The press-assisted fusion scheme greatly reduces the amount of HVJ-E required in mitochondrial replacement techniques

Abstract

Abstract Background Mitochondrial replacement techniques (MRTs) afford pathogenic mitochondria carried women an opportunity to have related disease-free offspring with a genetic link. Among the fusion methods, HVJ-E-induced fusion has been considered the most promising method for MRTs clinical translation. Although HVJ-E has been confirmed to have no RNA activity, a decrease in blastocyst quality was observed in several MRTs studies with HVJ-E-induced fusion scheme. Nevertheless, HVJ-E has not been proven to be a single factor affecting embryonic development in MRTs. Safety has been the biggest obstacle for its clinical application. Methods Pronuclear transfer (PNT) was performed on mouse zygotes and human abnormal zygotes (3PN,1PN) with the traditional HVJ-E-induced fusion (original HVJ-E) and press-assisted HVJ-E-induced fusion (1%HVJ-E). Fusion rates and residual amount of HVJ-E (the relative HVJ-E fluorescence intensity) in reconstructed mouse and human zygotes were assessed.
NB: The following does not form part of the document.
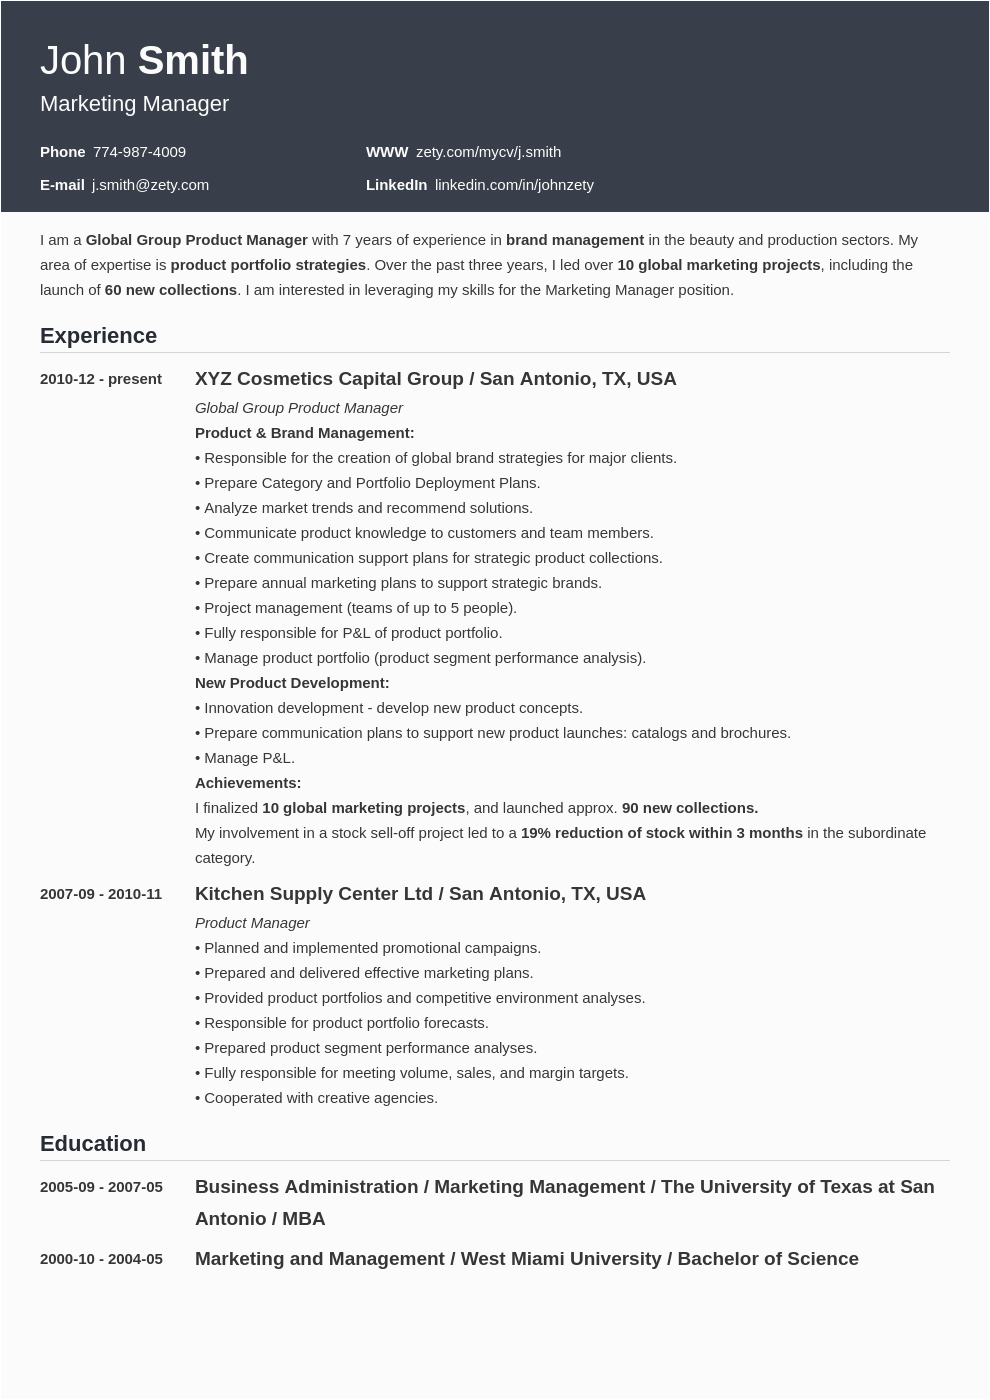 Sample Education Section Of A Resume How to List Education On A Resume Section Examples & Tips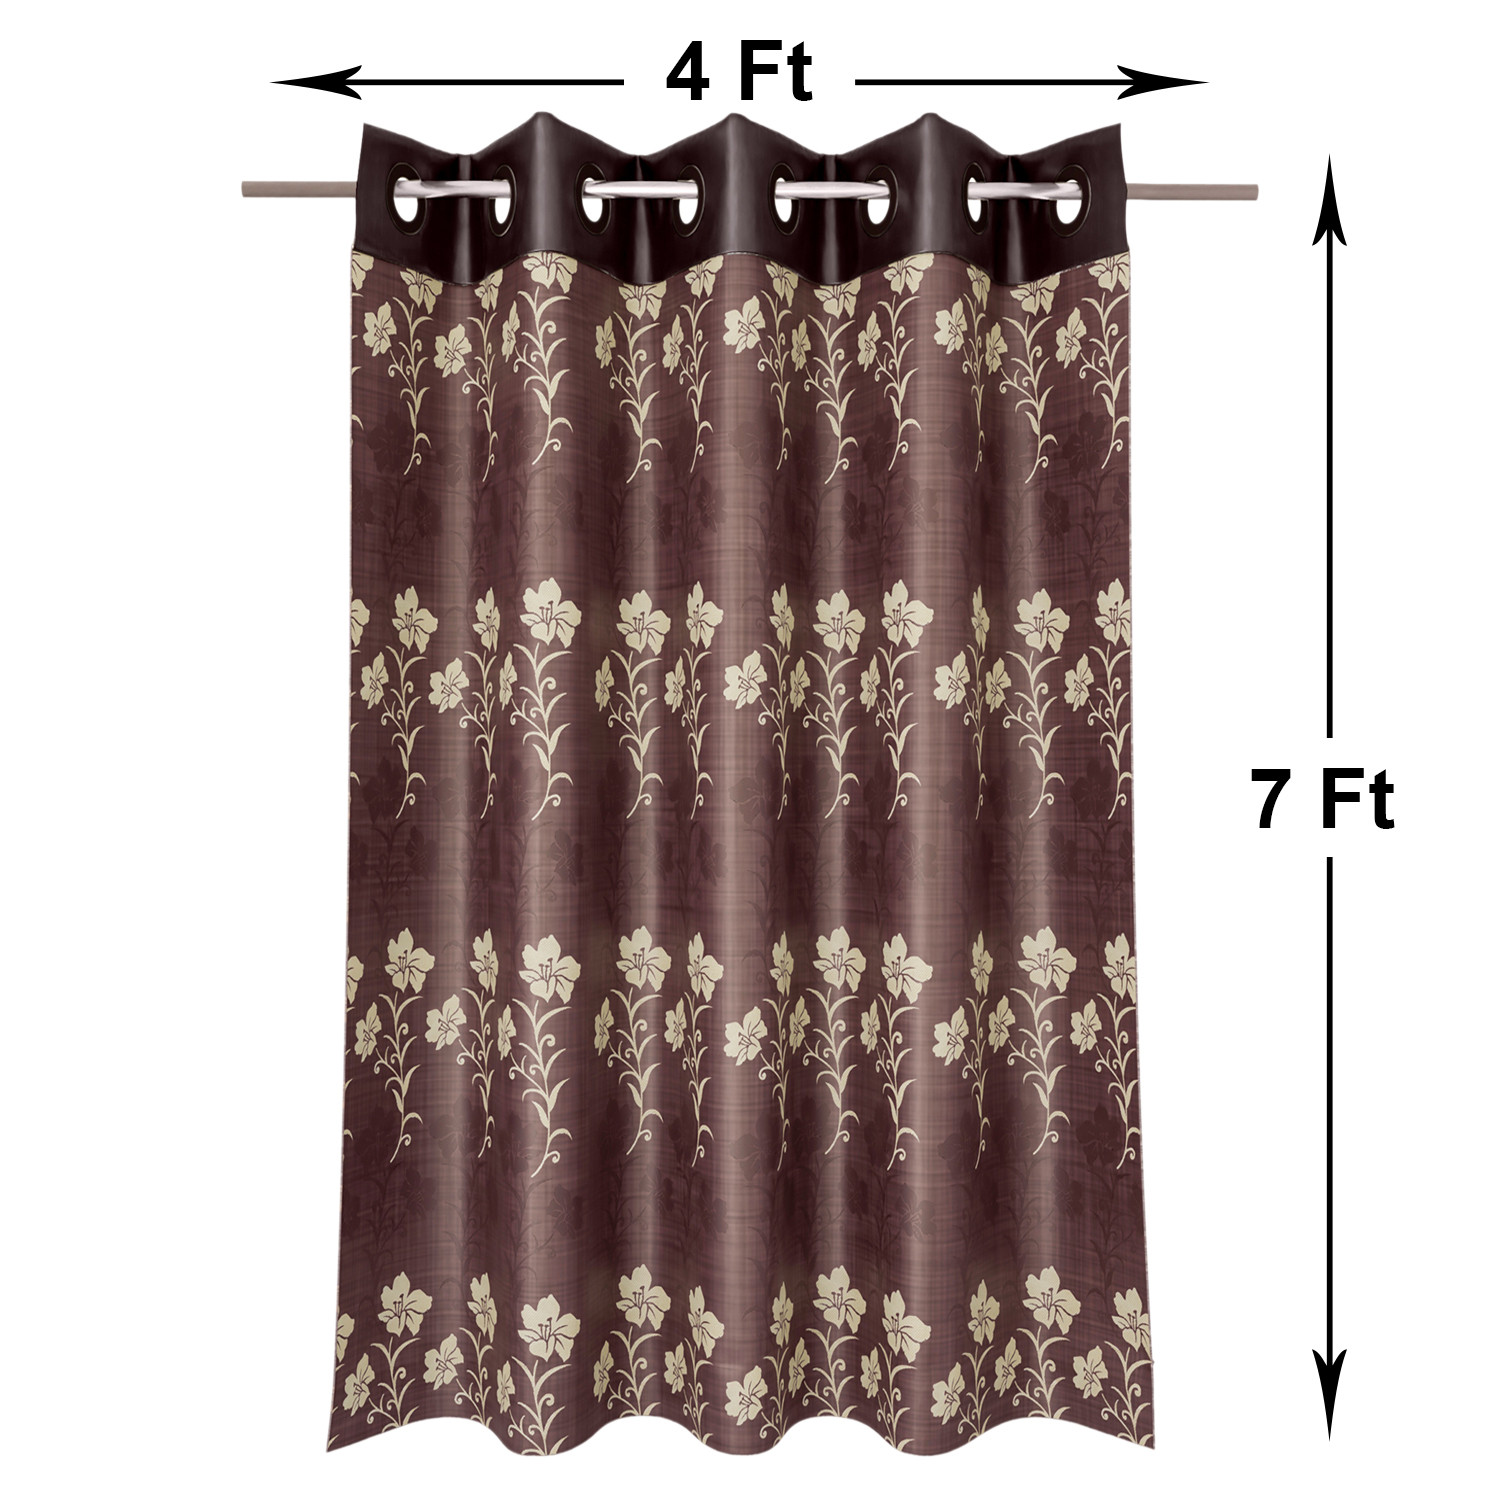 Kuber Industries Faux Silk Decorative 7 Feet Door Curtain | Floral Print Blackout Drapes Curtain With 8 Eyelet For Home & Office (Coffee)

Cleavage rate, blastocyst formation rate, intracellular ROS levels and double-stranded DNA breaks (γH2A.X) of reconstructed mouse zygotes in traditional fusion and press-assisted fusion groups were assessed. Results No significant differences were observed in the fusion rates of the press-assisted fusion and traditional fusion group in mouse zygotes and human 3PN/1PN zygote. The relative HVJ-E fluorescence intensity of the press-assisted fusion group was greatly lower than traditional fusion group in mouse and human. The relative ROS fluorescence intensity and the γH2A.X loci of the press-assisted fusion group were lower than that in the traditional group. The blastocyst formation rates in the press-assisted fusion were higher than hat in the traditional fusion group. Conclusions In this study, we proved high concentration of HVJ-E used in traditional HVJ-E fusion scheme is an independent factor affecting embryonic development in MRTs, which might be caused by enhanced DNA damage due to increased ROS levels in reconstructed embryos. In order to minimize the amount of HVJ-E attached to the reconstructed zygotes without reducing the fusion efficiency in MRTs, we designed a new scheme for HVJ-E-induced fusion: the press-assisted fusion, which is beneficial to decrease the adverse factors affecting embryo development in MRTs.